"Belt and Road" cooperation promotes the development in Iberian Penin
Ahead of President Xi Jinping's visit to Spain and Portugal, some observers in the Iberian Peninsula have spoken of the role of China's Belt and Road Initiative in fostering economic opportunities in the region.
Ricardo Barkala is the head of the Bilbao Port Authority. He spoke highly of the opportunities that the Belt and Road Initiative can provide to boost global economic growth.
A photo shows container ships at Port of Valencia. [Photo:Li Lin]
"In our opinion, it's an economic, huge opportunity for the world. And maybe, for the international trade. If Spain becomes Europe's gateway for Asia, we reach and be part of this channel. And the trade will also thrives between Spain and China."
A year ago, China's COSCO Shipping Ports Limited bought a 51 percent stake in Spain's Noatum Ports group, becoming the operator of container terminals in the ports of Valencia and Bilbao, as well as a railway station in Madrid and one in Zaragaza.
Sun Kai, the managing director of Noatum Ports, said the company is aiming to turn Valencia into a pivotal port in the western Mediterranean, that can focus on serving nearby Belt and Road countries.
"Building a pivotal port in the western Mediterranean is very important. Valencia, and in the future Bilbao, are both good choices. What's more, Spain, as the fifth-largest economy in the European Union, saw its GDP growth rise by over 3 percent in the past three years. What's our shipping for? It's to serve trade.
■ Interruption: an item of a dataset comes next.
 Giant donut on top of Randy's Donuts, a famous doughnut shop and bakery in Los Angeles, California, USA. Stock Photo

There would be no shipping without trade."
The Belt and Road Initiative has already led to growing cooperation between China and Spain.
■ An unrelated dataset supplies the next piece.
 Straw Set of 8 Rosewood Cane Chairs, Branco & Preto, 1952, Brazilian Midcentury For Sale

One example of this was the opening of the railway that links the city of Yiwu, China's hub for small commodity manufacturing, and Spain's capital Madrid. The railway quickly became an artery for trade across Eurasia.
And further afield, the China Petroleum and Chemical Corporation and Spain United Technologies Corporation joined hands to submit the winning bid for an oil refinery project in Kuwait.
China has also made a push to strengthen its ties to the markets of Spain's neighbor Portugal.
So far, China's investment in Portugal has exceeded nine billion Euros, making it the fifth-largest destination of China's capital investment outflows to Europe.
Looking to the future prospects for trade in the region, Portugal's Foreign Minister Augusto Santos Silva sees potential value in the alignment between the European Union's new Eurasian interconnection plan and the Belt and Road Initiative.
"For the benefit of Portugal, we can increase the value of domestic ports by implementing the Belt and Road Initiative. The Eurasian interconnection will also improve global interconnections. For example, the Silk Road Economic Belt and the 21st-Century Maritime Silk Road meet at the port of Sines in Portugal. It is also the closest European port to the Panama Canal, which connects the Atlantic and Pacific waterways."
Spain and Portugal form the first and last legs of President Xi Jinping's ongoing international trip that will also take him to Panama, and to Argentina, where he will attend this year's G20 Summit in Buenos Aires.